To be sure, which inputs have you tested with? Mainly histos jobs, or also MiniTree? We should probably make sure to test with all of our usual inputs (or if we expect it only to be useful for certain types of inputs, we could make it auto-fail for, say, MiniTrees).
When hadding 501 input files, condor_q suggested that the jobs might have the same inputs, at least based on the limited printout I see:

158138.0   joeyr           9/16 13:20   0+00:00:00 I  0    0.0 haddOnWorker.py MiniTreeV28Bm/ttbar_2017.root MiniTreeV28Bm/condor_ttbar_2017/minitree_100.root MiniTreeV28Bm/condor_ttbar_2017/minitree_99.root MiniTreeV28Bm/condor_ttbar_2017/minitree_98.root MiniTreeV28Bm/

158139.0   joeyr           9/16 13:20   0+00:00:00 I  0    0.0 haddOnWorker.py MiniTreeV28Bm/ttbar_2017.root MiniTreeV28Bm/condor_ttbar_2017/minitree_100.root MiniTreeV28Bm/condor_ttbar_2017/minitree_99.root MiniTreeV28Bm/condor_ttbar_2017/minitree_98.root MiniTreeV28Bm/

158140.0   joeyr           9/16 13:20   0+00:00:00 I  0    0.0 haddOnWorker.py MiniTreeV28Bm/ttbar_2017.root MiniTreeV28Bm/condor_ttbar_2017/minitree_100.root MiniTreeV28Bm/condor_ttbar_2017/minitree_99.root MiniTreeV28Bm/condor_ttbar_2017/minitree_98.root MiniTreeV28Bm/

This would be important to check, since we could miss some of our input files (and duplicate the rest) otherwise! It's possible that I did something unconventional though, so we should double check against what you've seen...

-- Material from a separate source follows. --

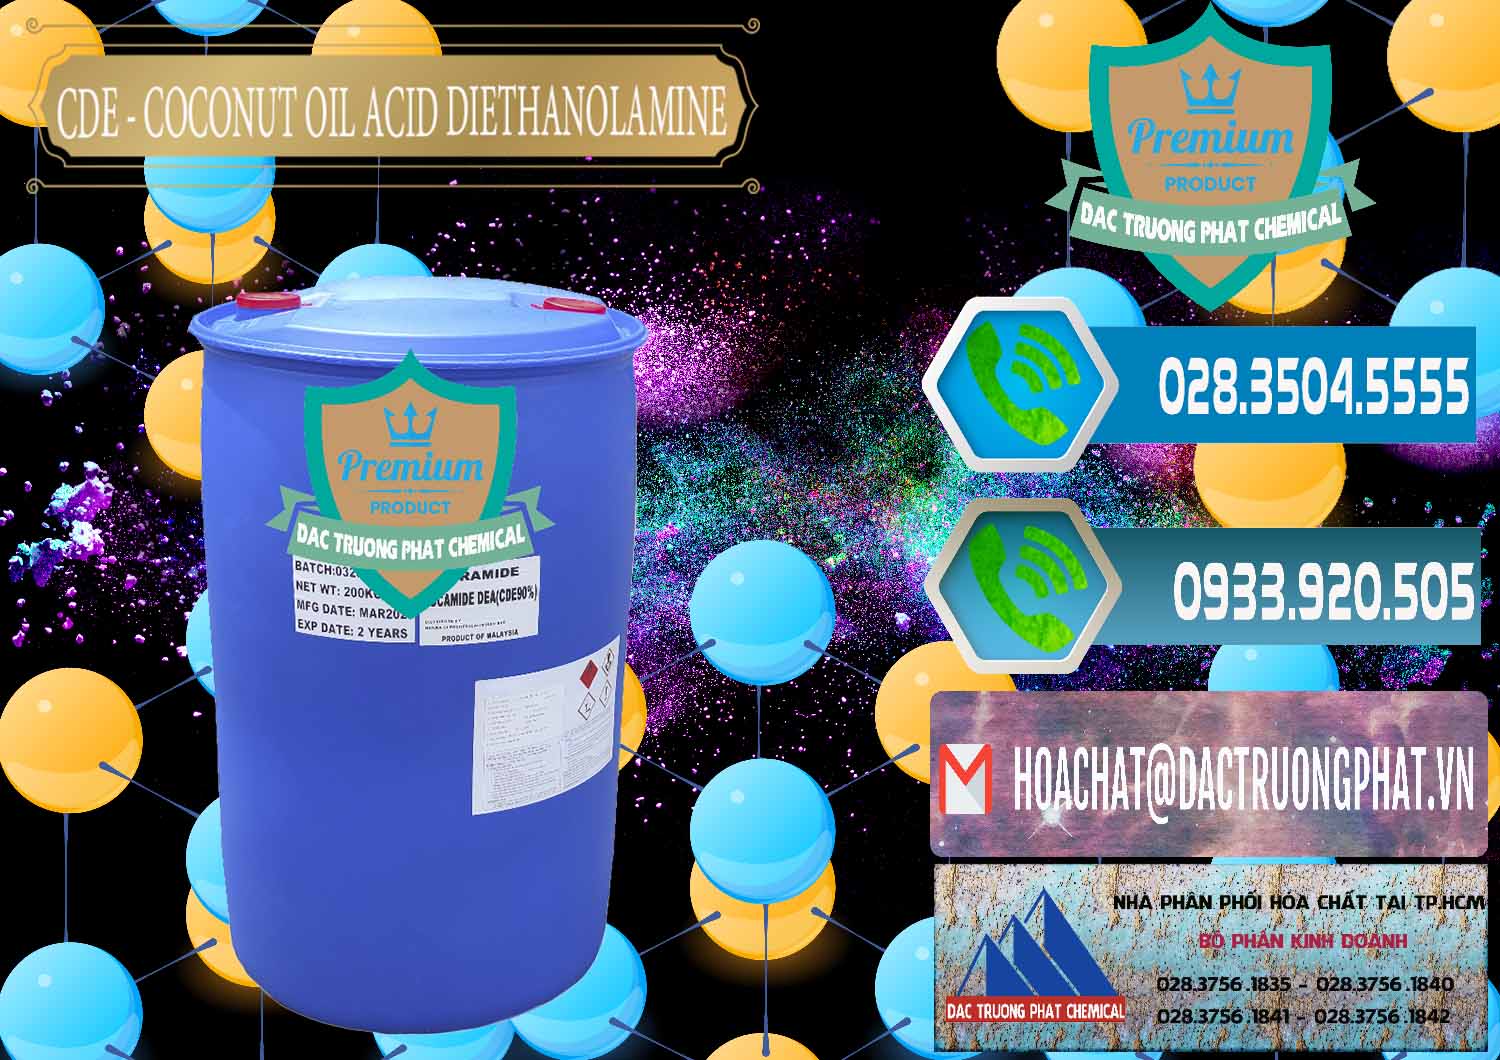 Cty chuyên cung cấp và bán CDE - Coconut Oil Acid Diethanolamine Mã Lai Malaysia - 0311 - Công ty nhập khẩu ( phân phối ) hóa chất tại TP.HCM - congtyhoachat.net
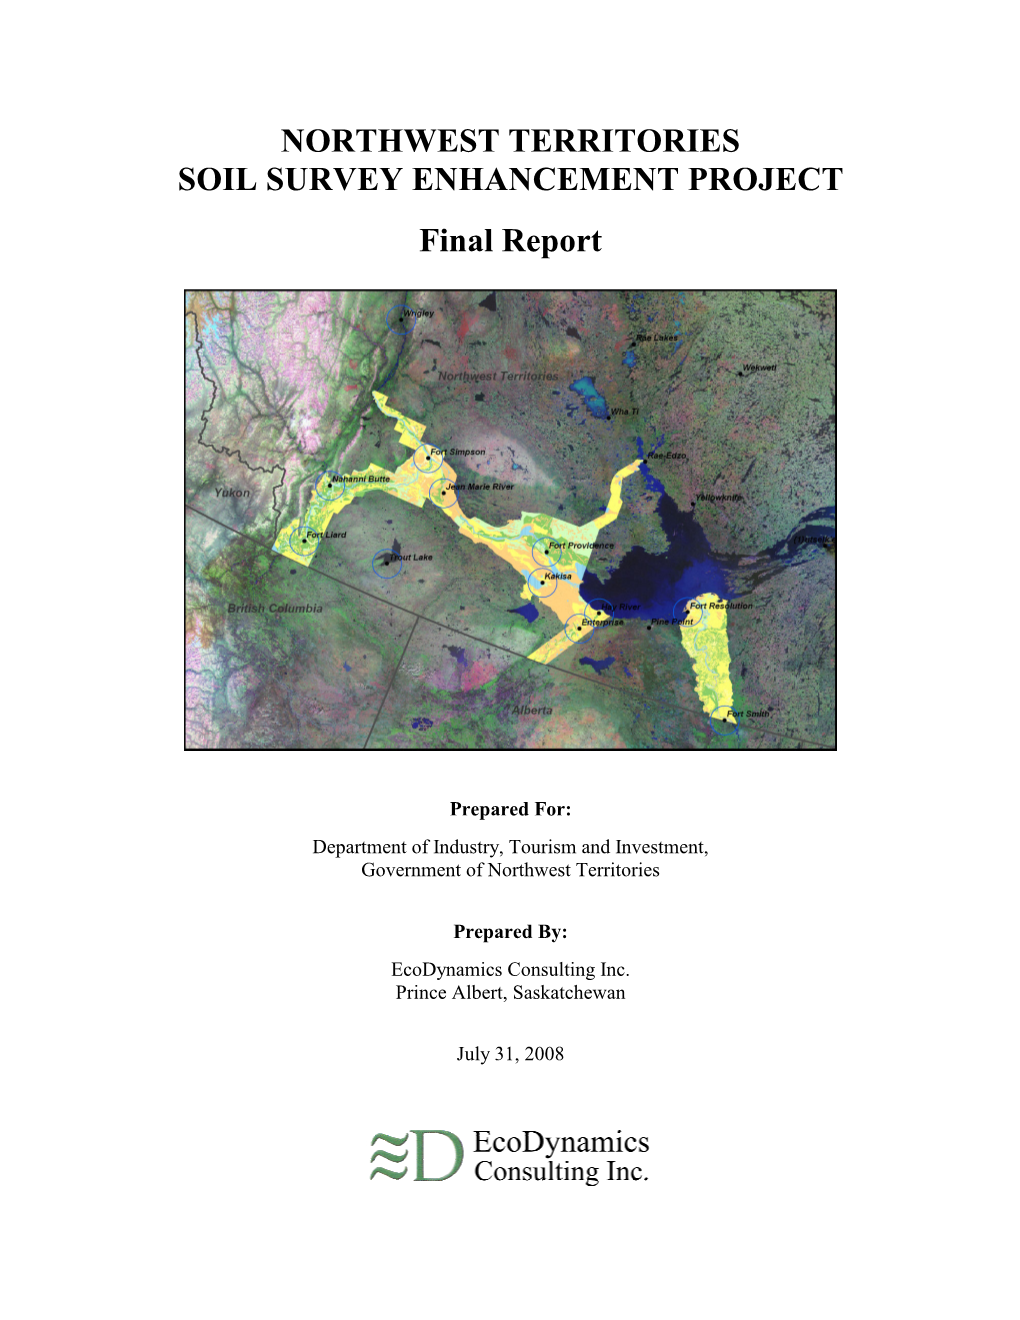 Northwest Territories Soil Survey Enhancement Project

Maybe on a similar note, the output files I see after submitting the three jobs are only these:

-rw-r--r-- 1 joeyr us_cms      116 Sep 16 13:21 ttbar_2017.err
-rw-r--r-- 1 joeyr us_cms    15474 Sep 16 13:21 ttbar_2017.out
-rw-r--r-- 1 joeyr us_cms     5045 Sep 16 13:21 ttbar_2017.log

I think we should have a .err, .out, and log file for each condor job that runs (and a .root file too, of course!).

Let's look into these for now, and we can do a bit more testing after that. We should also think if the 200 input files per job (in haddcondor) is sufficient, or if we should split more heavily. It might require us to iteratively submit hadd jobs to condor though, which is a bit of a pain (especially with the way mhadd is set up). Maybe for simplicity it's okay to leave that 200 input files as-is.

Thanks!
Joey

…ondor

abbywarden · 2022-09-21T14:34:57Z

Hi Joey. Here is my next set of changes.

I have included print statements now : it will now give output based on which log files are present in the crab/condor directory (and if the root file is nonzero in the case of condor submit, the jobs will be resubmitted for a bit of protection?)
the path to the executable is now labelled as dir_executable and can be used universally
I now have it printing p.stdout.read() as jobs are submitted
I've only tested it on histograms, not minitrees -- currently don't have any minitrees to mess around with

5 & 6. I may have said this previously, but because I was only popping 200 files at a time, the return value was only from the last(?) set of 200 ==> my conclusion (for now) was actually to simplify things and not have an upper limit to the files to hadd together so that max condor job submitted per sample is 1 ==> and 1 set of outputs.

abbywarden · 2022-09-21T15:39:48Z

Now I have double checked that the new print statements work when you have a mix of jobs that were hadded locally and hadded via condor.
Additionally, since minitrees are just copied over (since they are just 1 output), they will not be submitted to condor

jreic · 2022-09-21T20:35:55Z

Hi Abby, for me on the LPC, it doesn't seem like the input files are available for hadding when running things out-of-the-box. I wonder if it's a matter of bad input files on my side (very old ones!), or a difference between the LPC and the Wisconsin system. The condor jobs run without any obvious failures (!), but no output file is written.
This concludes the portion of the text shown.